*Exercise requirements*.
The whole listing below is to be copied exactly, with every picture left out.

*Information provided*.
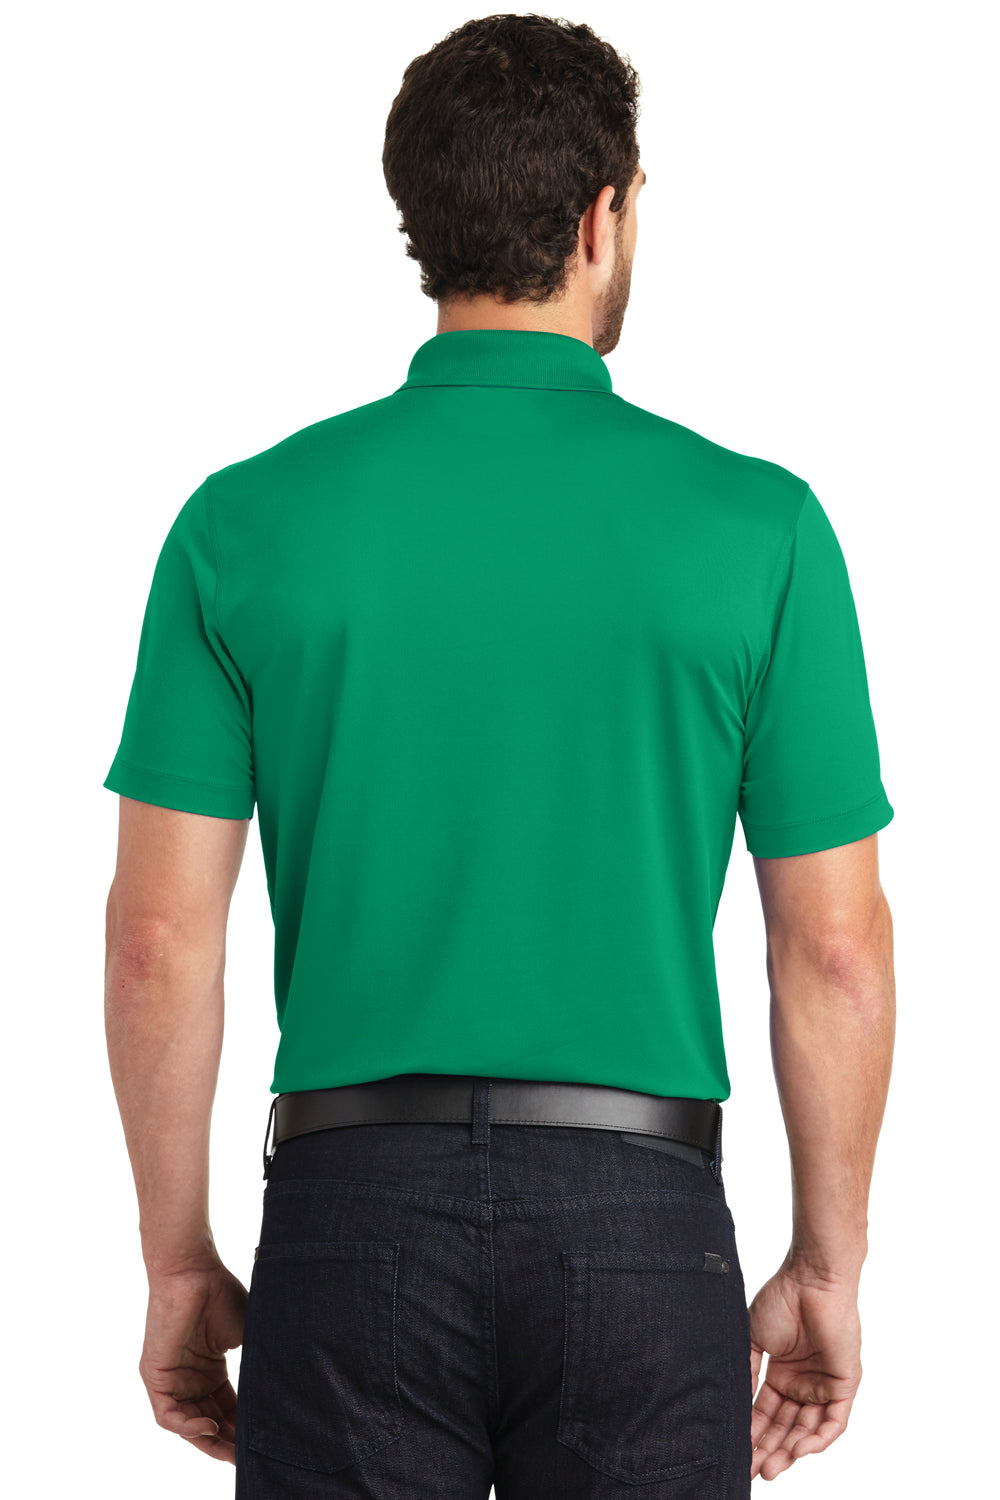 Ogio OG130 Mens Metro Moisture Wicking Short Sleeve Polo Shirt Shift Green Back
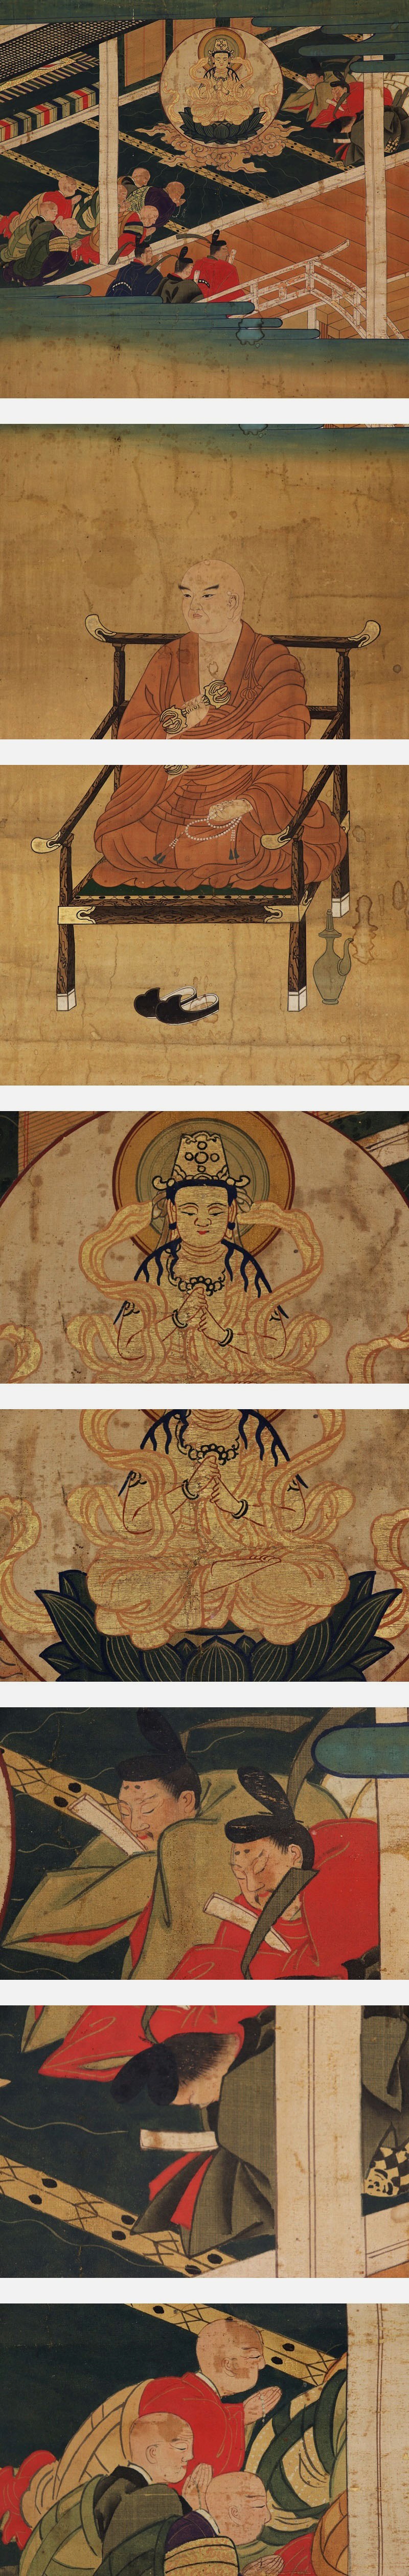 お買い得安い希少古仏画◆絹本◆合箱◆掛軸 v02119 人物、菩薩
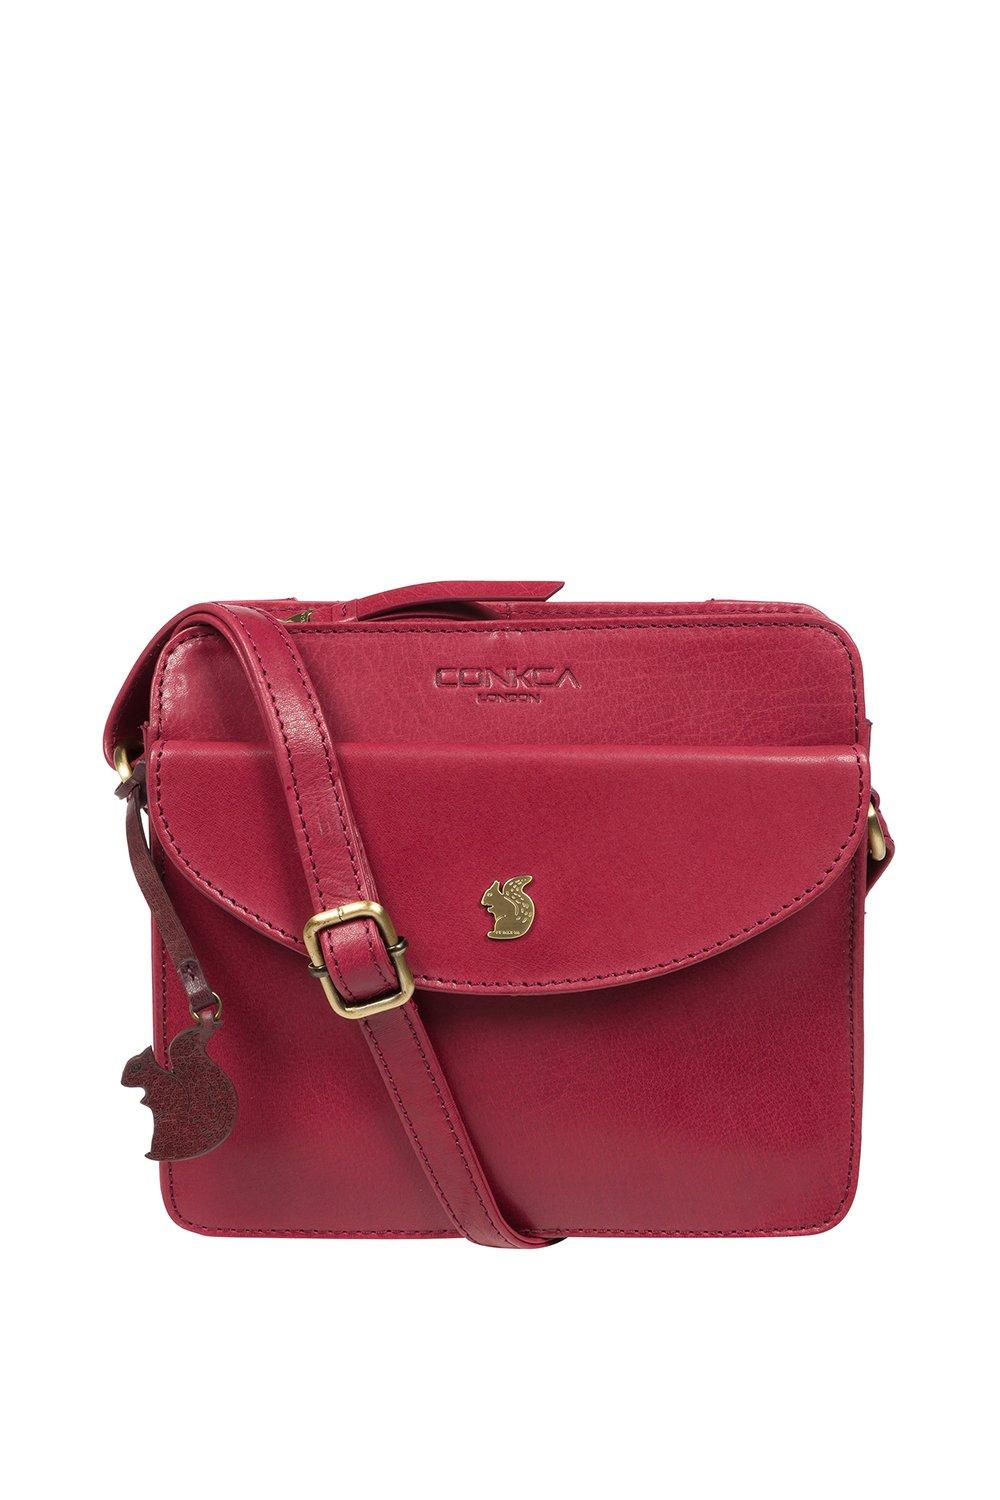 Кожаная сумка через плечо 'Magda' Conkca London, розовый платье magda с карманами 46 размер новое

*Output of the exercise*.
 Ogio OG130 Mens Metro Moisture Wicking Short Sleeve Polo Shirt Shift Green Back
 お買い得安い希少古仏画◆絹本◆合箱◆掛軸 v02119 人物、菩薩
 Кожаная сумка через плечо 'Magda' Conkca London, розовый платье magda с карманами 46 размер новое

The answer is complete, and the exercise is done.